-- Opening Marker --

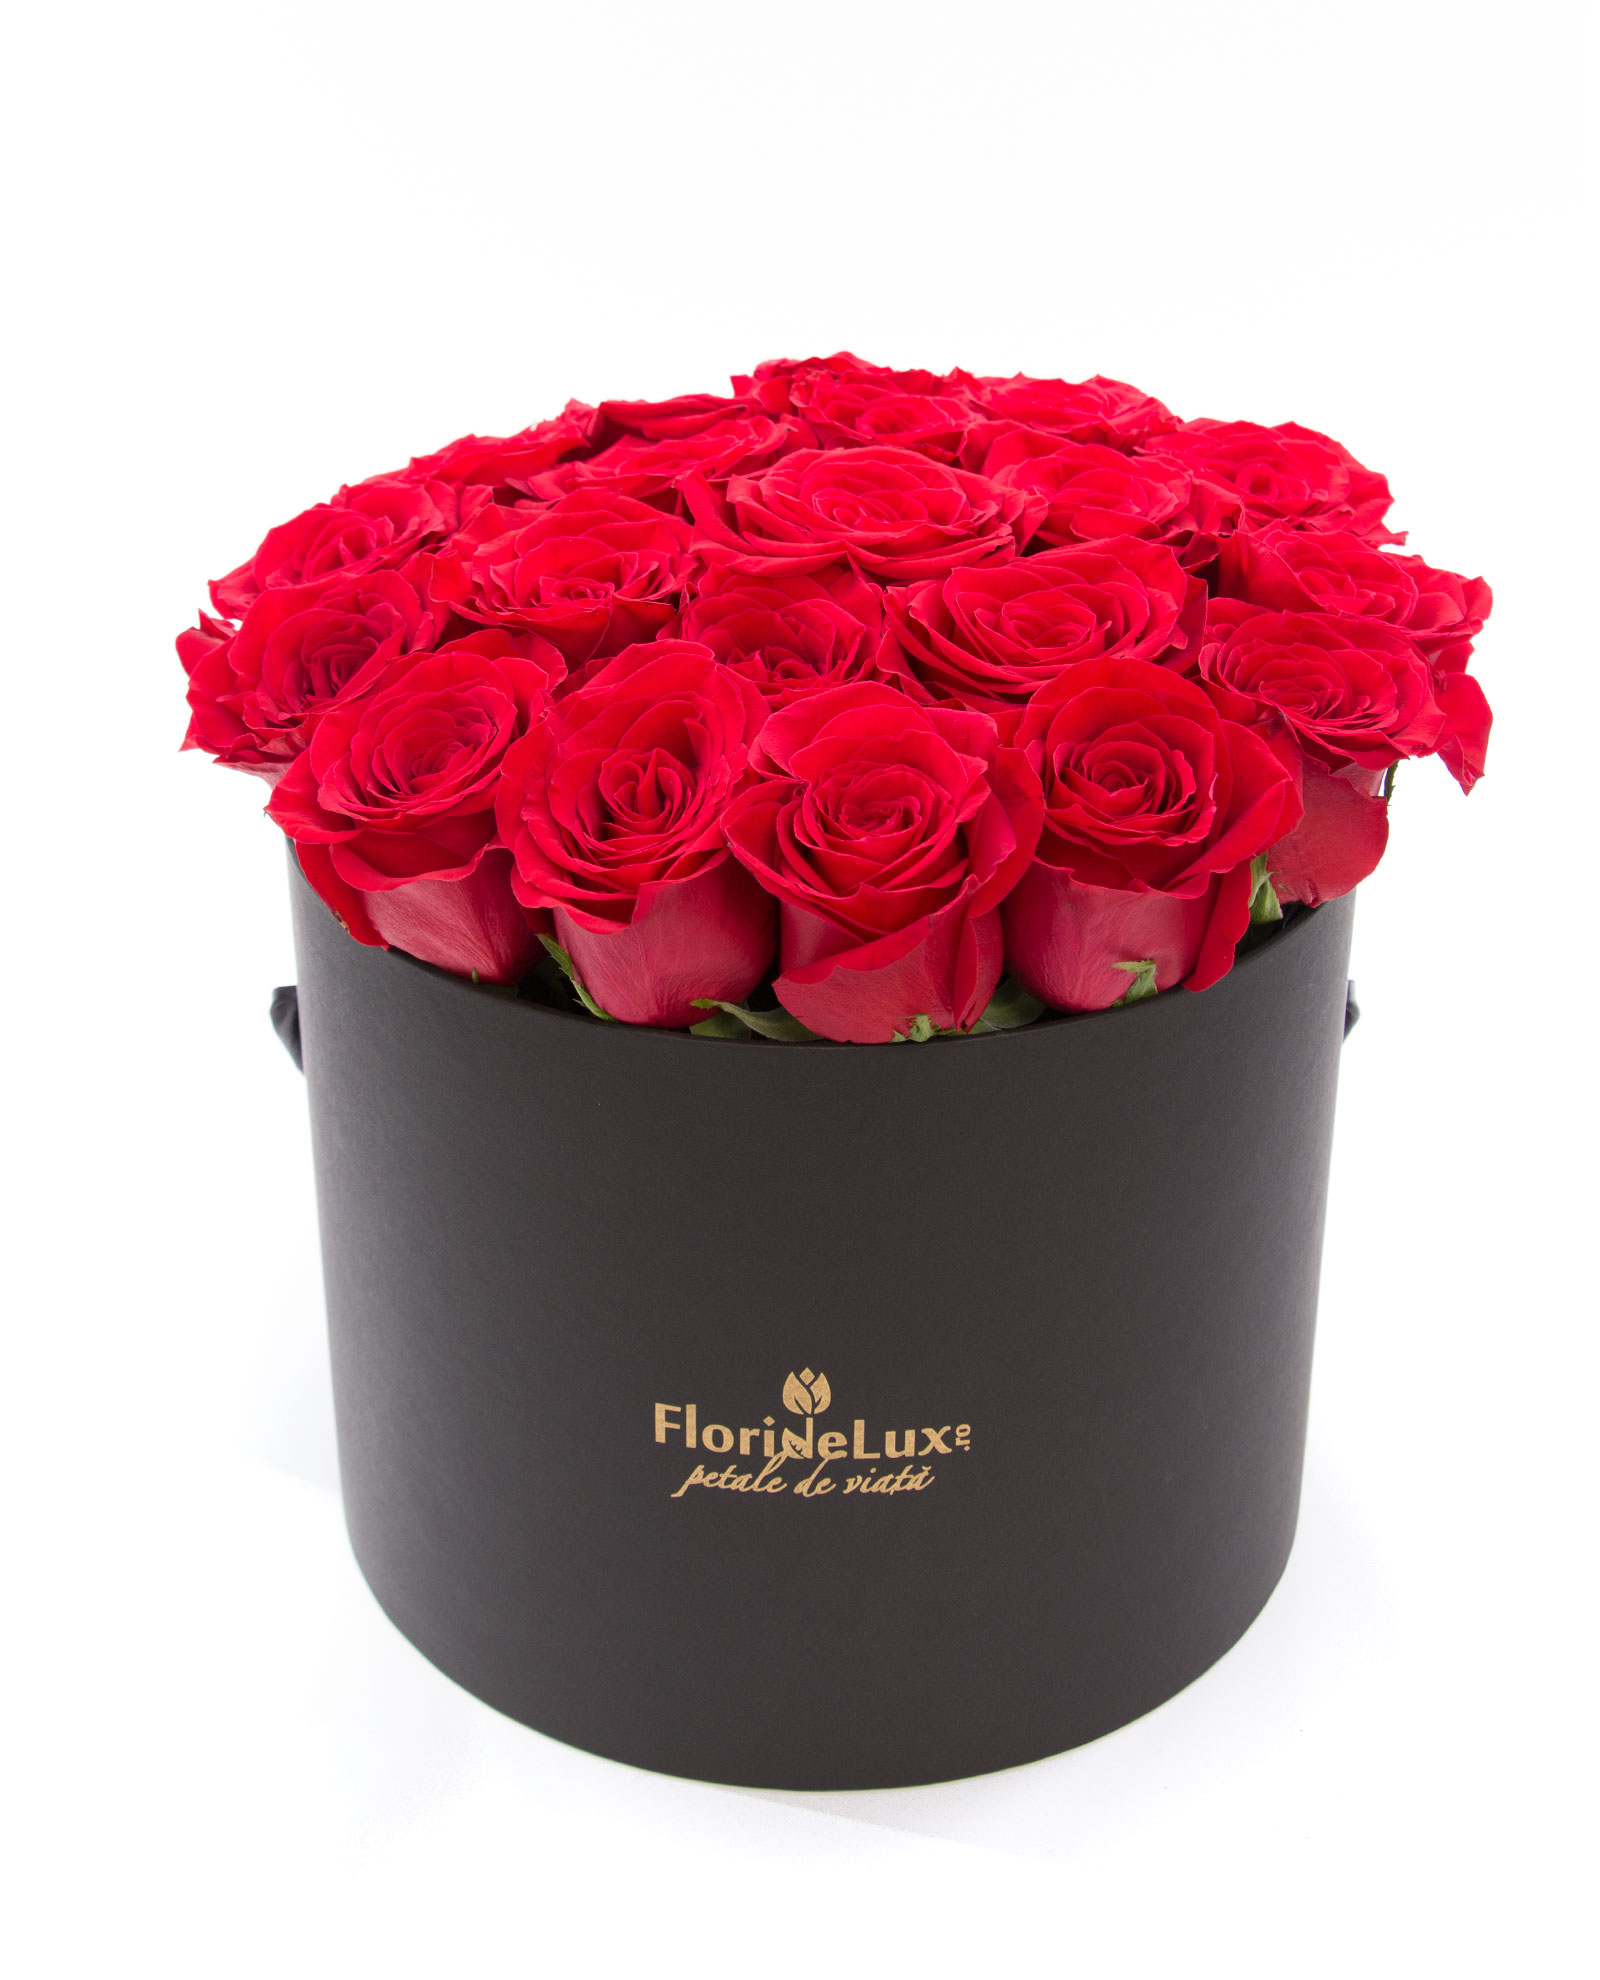 Cutie cu 25 trandafiri rosii si Corton Charlemagne
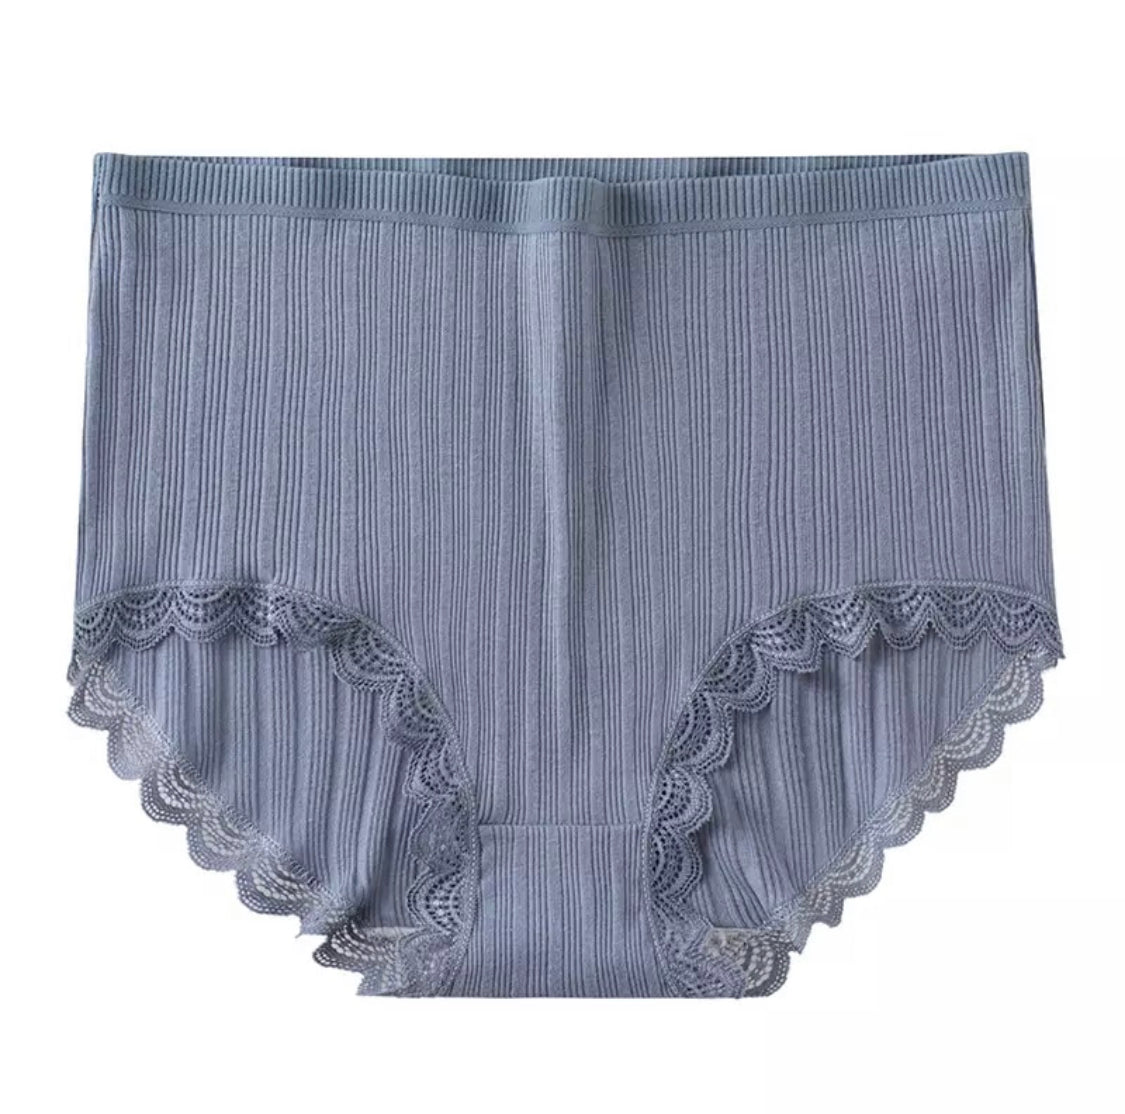 2pcs Cotton Underwear Women Lace Waistband Full Briefs Ladies High Leg  Knickers Ladies Cotton Seamless Underwear
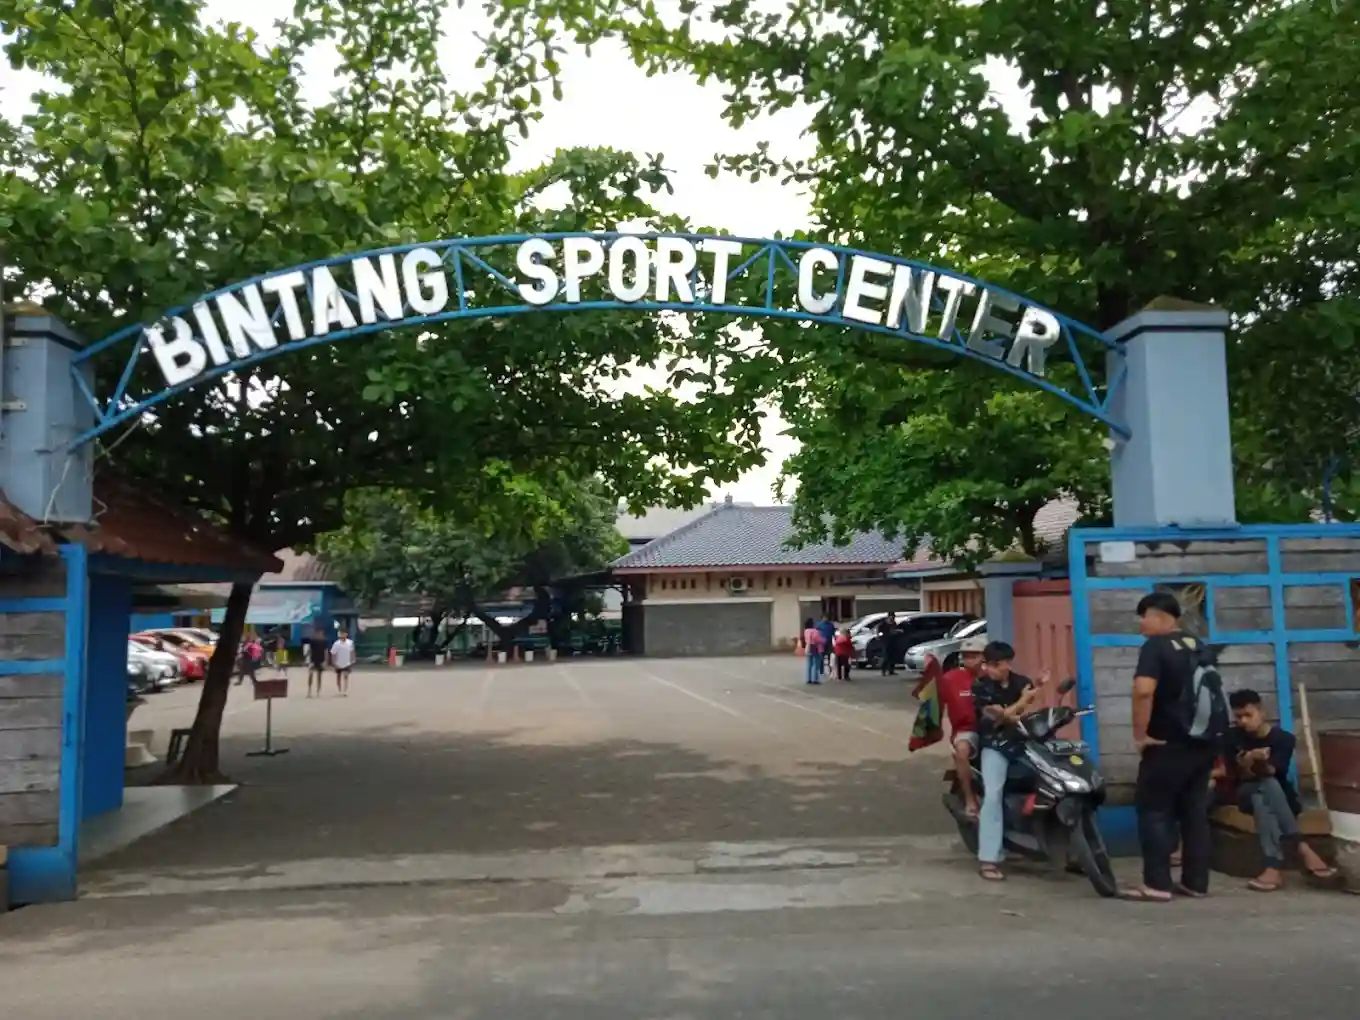 Tips Liburan ke Kolam Renang Bintang Sport Center

-- Closing Marker --

THE TASK
Give back the entire listing verbatim, without the pictures.

EXPECTED OUTPUT
 Cutie cu 25 trandafiri rosii si Corton Charlemagne
 2pcs Cotton Underwear Women Lace Waistband Full Briefs Ladies High Leg  Knickers Ladies Cotton Seamless Underwear
 Tips Liburan ke Kolam Renang Bintang Sport Center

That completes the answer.